Additionally, the contract theoretically removes the need for judges and lawyers to argue about the grey areas of the contract. “The charm of the smart contract is the promise to eliminate these intermediaries and that the only point of reference will be the code of the contract itself,” says Maurizio Sironi, associate partner at Blockchain Reply, the blockchain advisory organisation. “For this to work, the conditions of the smart contract need to be unambiguous. The boundaries of reasonability would have to be exactly defined, leading to greater transparency and accountability for both parties.”

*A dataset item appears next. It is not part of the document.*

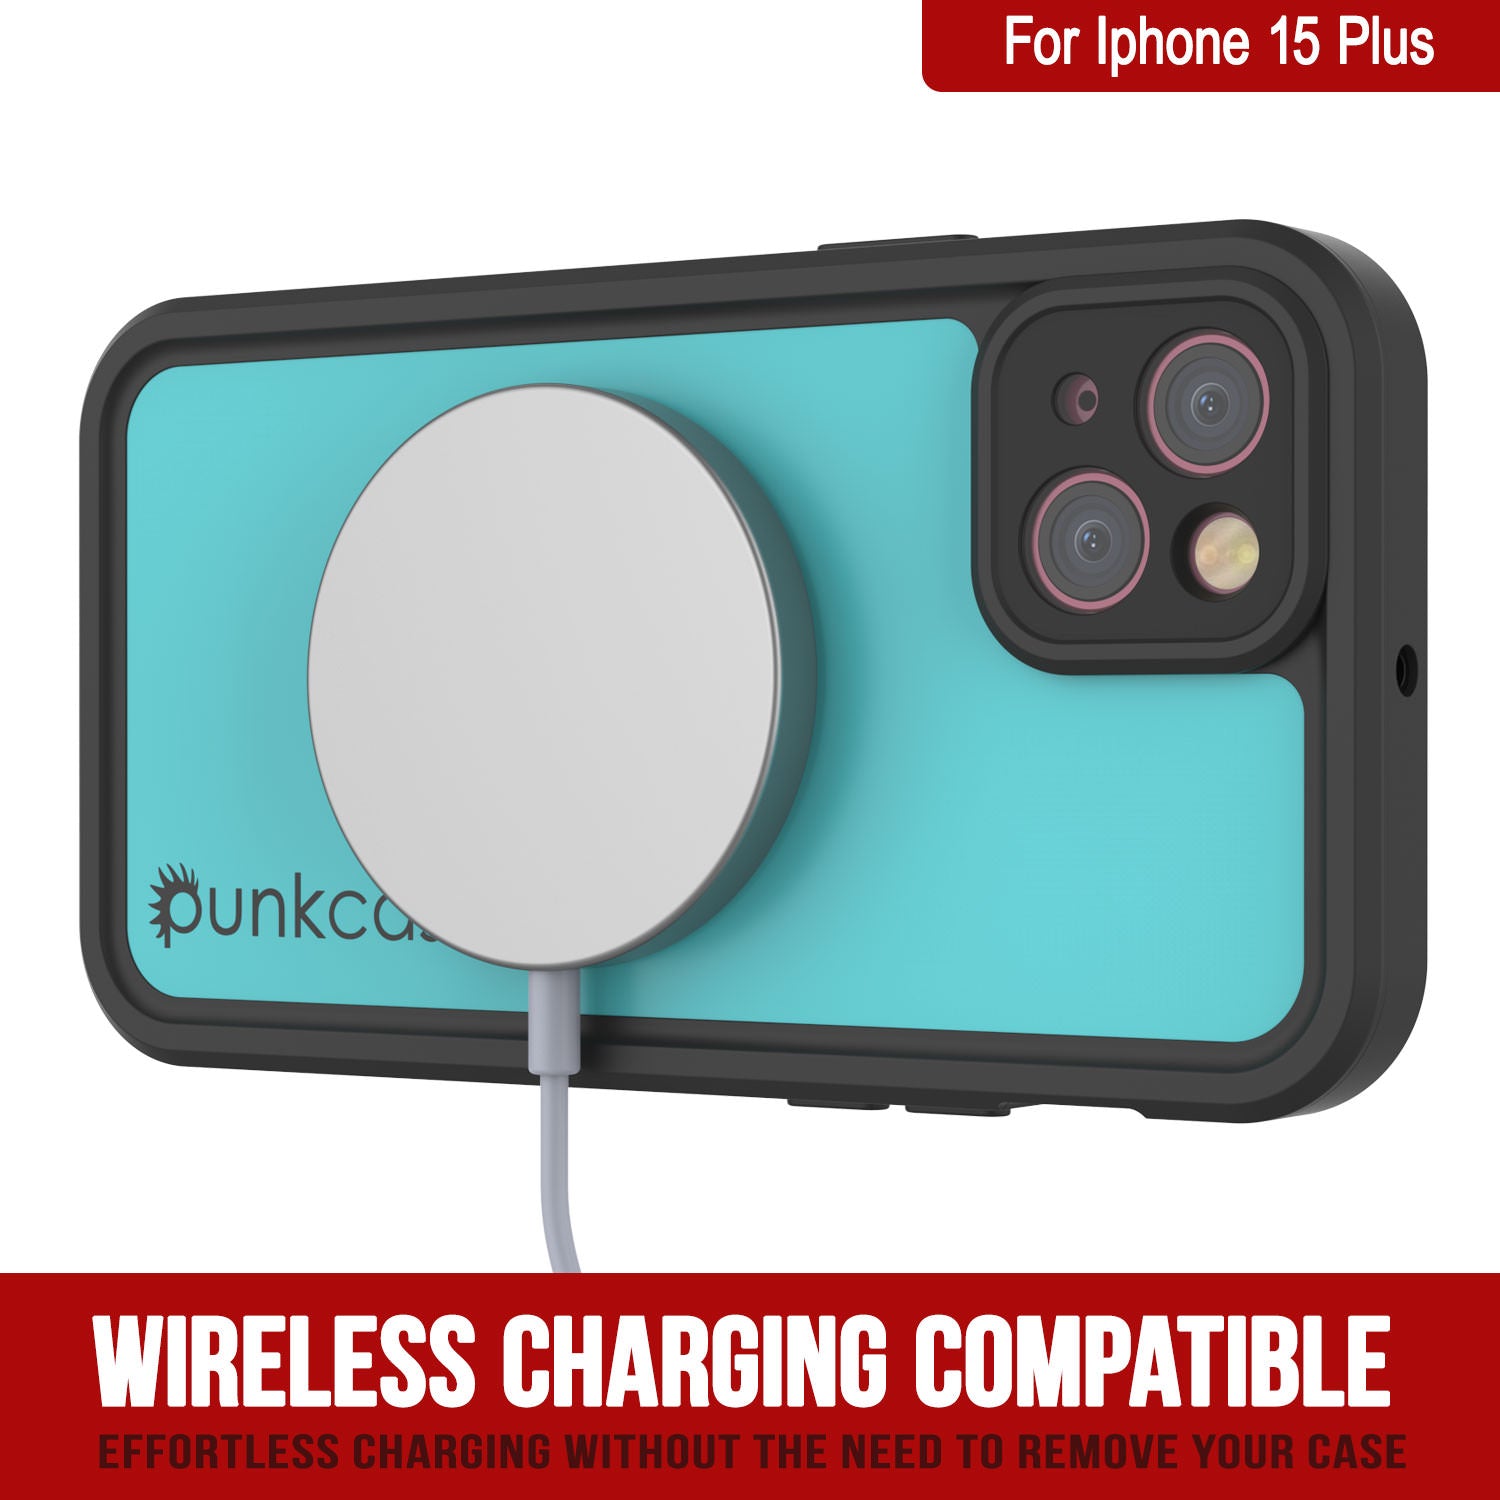 iPhone 15 Plus Waterproof IP68 Case, Punkcase [Teal] [StudStar Series] [Slim Fit]
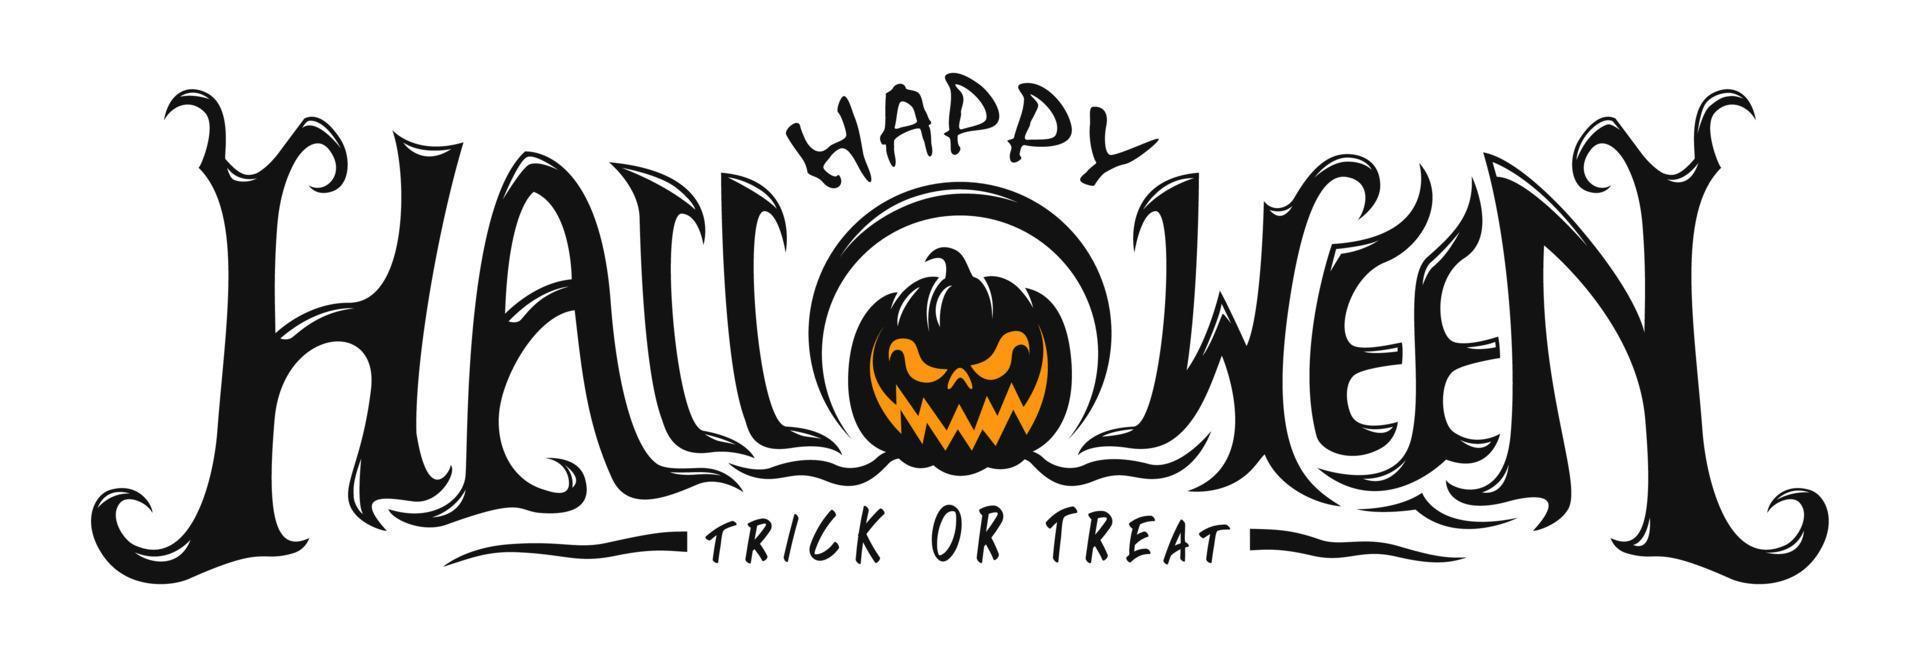 Happy Halloween Text Banner vector

And that’s where you may encounter a few snags when it comes to using smart contracts. While two people for instance agreeing an item is worth X amount of money is a reasonably straightforward transaction, the problem arises with more complicated deals. “Due to the complexities of computer coding, it’s not yet possible to accurately use smart contracts in all scenarios – many ideas for where smart contracts could be or ideally would be used aren’t currently possible to implement,” explains Emma Stevens, associate solicitor at Coffin Mew, the law firm. The rule is that the more room there is for interpretation, the harder it will be to use blockchain-based deals. “By their nature, smart contracts are unequivocal due to computer coding trends and the need to be black and white to avoid uncertainty so they can execute instructions,” continues Stevens. “They’re therefore only as good as the data they receive and, as they’re programmed and reliant on human data input, there is always the potential for human error.”

And that’s not the only potential issue with using smart contracts. “While blockchain technology is hailed as being ultra-safe, no digitalised system is 100% protected from cyber attacks,” explains Stevens. 

This is best exemplified with the breach of the Decentralized Autonomous Organization, or the DAO, a digital organisation. The DAO allowed users to contribute the cryptocurrency ether to a pool that would be invested in proposed projects based on a vote, which would be proportional to how much ether each person had invested. When the DAO launched its tokens on Ethereum’s blockchain in May 2016 it attracted 14% of all ether created at that point. However, in June someone exploited a flaw in the code. “It essentially allowed for an attacker to keep interrupting a transfer at the moment between sending and receiving funds, tricking the receiver into repeating the same transfer a large number of times and accumulating the ill-gotten gains,” Bryant explains. Even though the stolen money, which had a value of roughly $50m, was later returned to its rightful owners, the breach showcases how there are still vulnerabilities in blockchain and, as a consequence, smart contracts. 

Clearly there are risks with using this nascent technology. However, if SMEs tread carefully, there are also huge advantages.